Quand j’étais enfant, nous vivions à la campagne, isolés du monde. Le village le plus proche était à plusieurs kilomètres. Santiago, à une heure de route. Je ne connaissais ni buildings, ni immeubles, ni avenues, ni métro. Je pouvais passer des heures à chercher une araignée dans les montagnes. Je frappais le sol, et au bout d’un moment, elle sortait. Une belle mygale toute duveteuse, que je faisais courir sur mon bras.

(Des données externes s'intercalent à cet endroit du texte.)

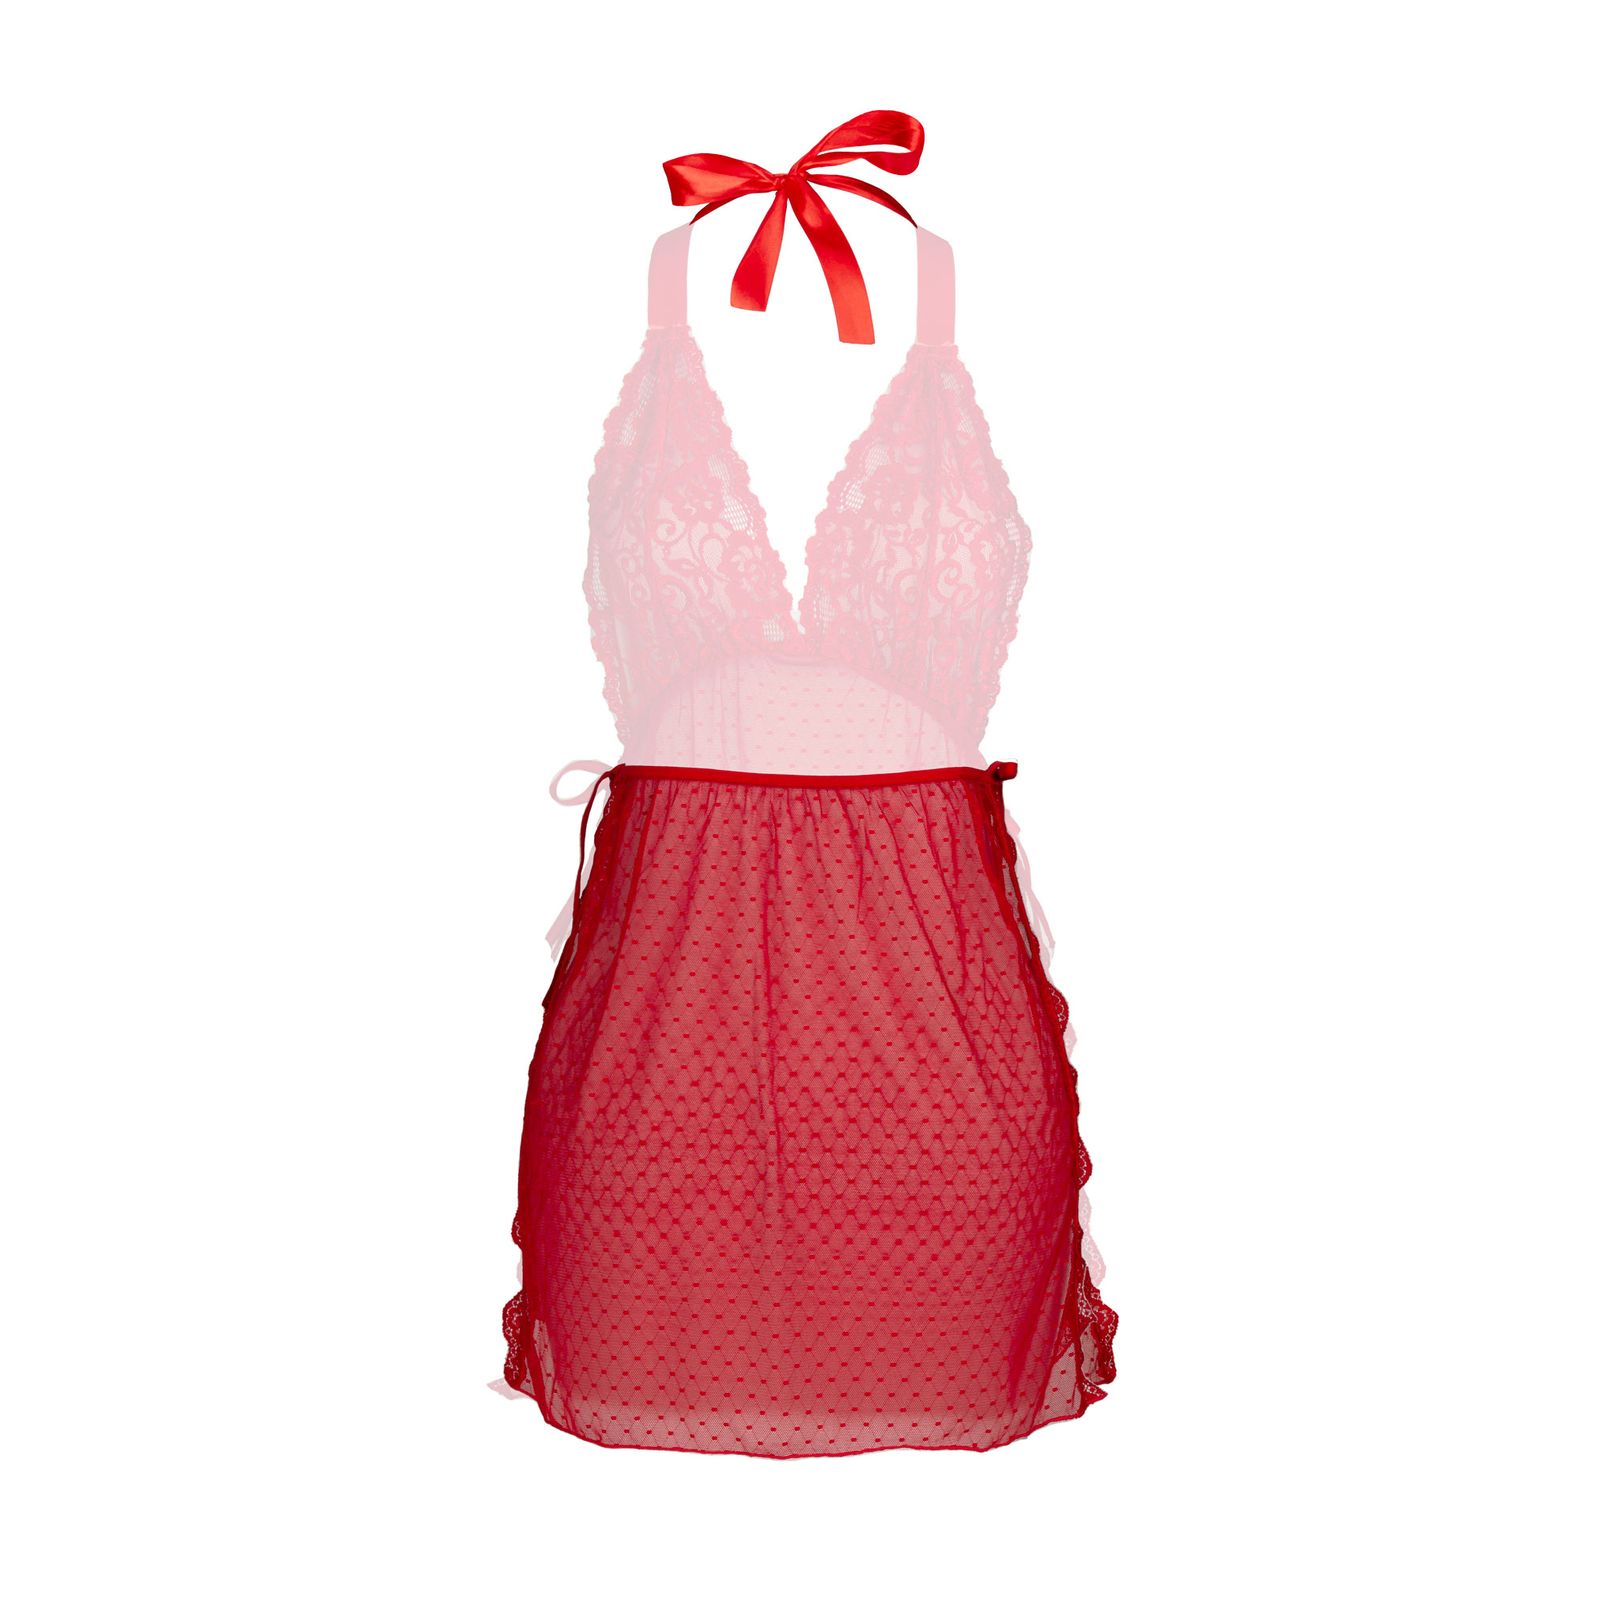 لباس خواب زنانه شباهنگ مدل Waiter رنگ قرمز -  - 2
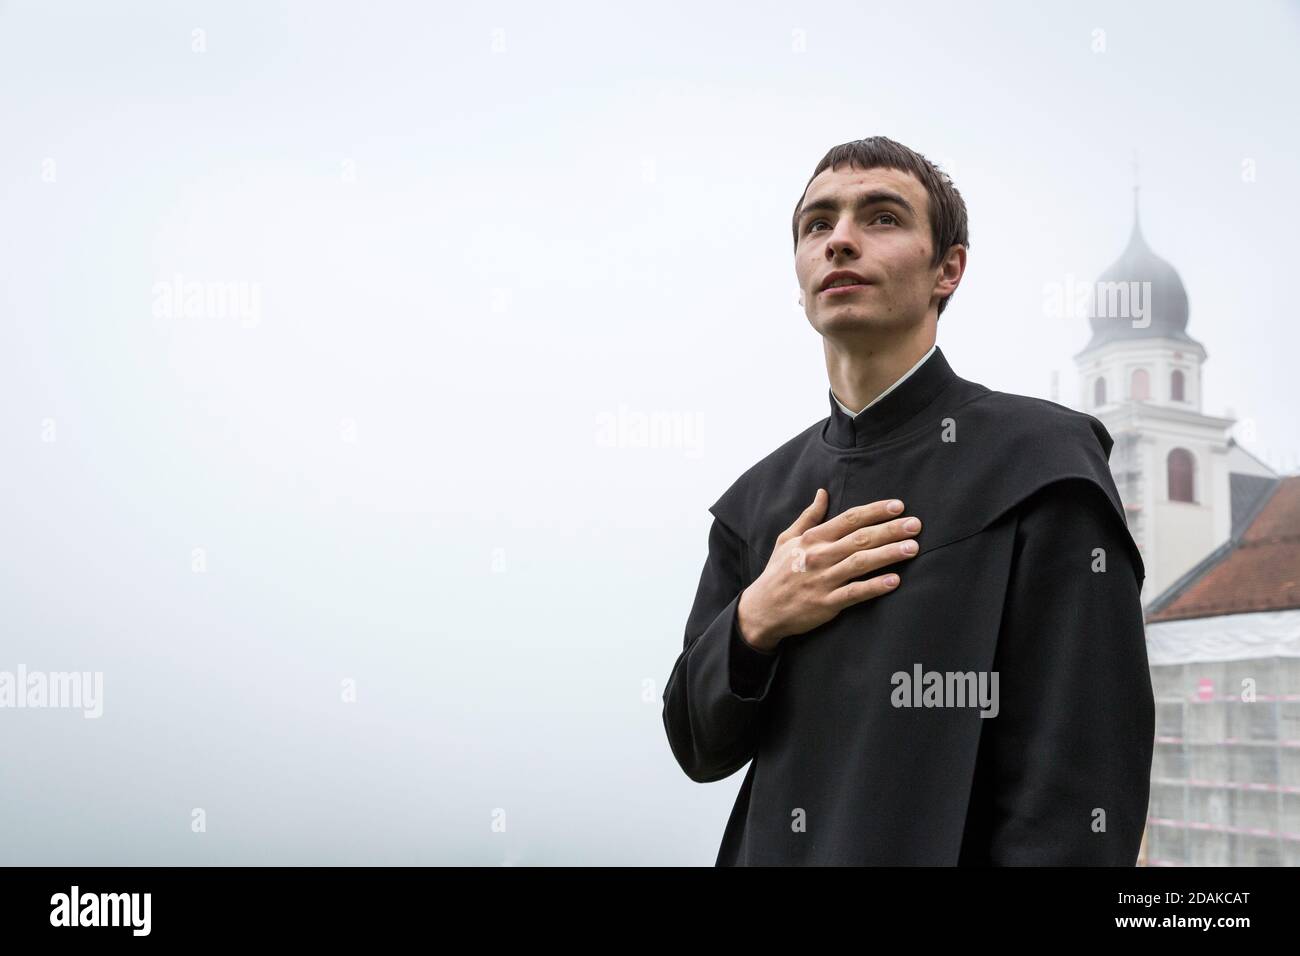 Bruder Morezi lebt und arbeitet als Mönch im Benediktinerkloster in  Disentis, Schweiz Stockfotografie - Alamy

Mes parents avaient l’habitude de partir à cheval dans la Cordillera de la Côte, à 1400 mètres d’altitude. Ils prenaient des fusils de chasse pour se protéger des pumas, et aussi de la viande séchée, des biscuits, du pain de la ferme qui durait plusieurs jours, mettaient tout dans des paniers, et traversaient la Cordillera par un passage étroit, réservé habituellement aux bêtes. La montée n’était pas facile, mais une fois en haut, on avait une vue fantastique sur la vallée et les forêts de sapins. Ils passaient par des cavernes où durant la journée, se cachaient toutes sortes d’animaux aujourd’hui en voie d’extinction, croisaient des troupeaux de bœufs et de moutons sauvages. Les forêts regorgeaient aussi de perroquets choroy, une espèce endémique du Chili. Ils en ramenaient d’ailleurs souvent à la maison, mais les bestioles étaient si odieuses et si difficiles à apprivoiser, que nous finissions par les relâcher. Quand ils étaient à moitié de chemin, qu’il y avait de l’eau proche et que la vue paraissait la plus belle, ils installaient leurs tentes dans la forêt et faisaient un feu pour éloigner les pumas. De là, on voyait toute la vallée centrale. Des aigles passaient au-dessus de leurs tentes jusque tard le soir et de grands condors se promenaient dans le ciel comme s’ils faisaient une simple balade. J’y pense souvent quand on me parle de protection de la nature. Une question qui ne se posait pas en ce temps là. On ne trouvait pas de papiers par terre, pas de mégots, pas de canettes vides. On se baignait dans les rivières. C’était simple. Comme cela devrait toujours l’être. C’est un peu comme une belle chemise blanche à laquelle on tient. On voit ce beau tissu bien net et propre, et on n’a aucune envie de le tâcher. On espère même le garder le plus longtemps possible exactement tel qu’il est.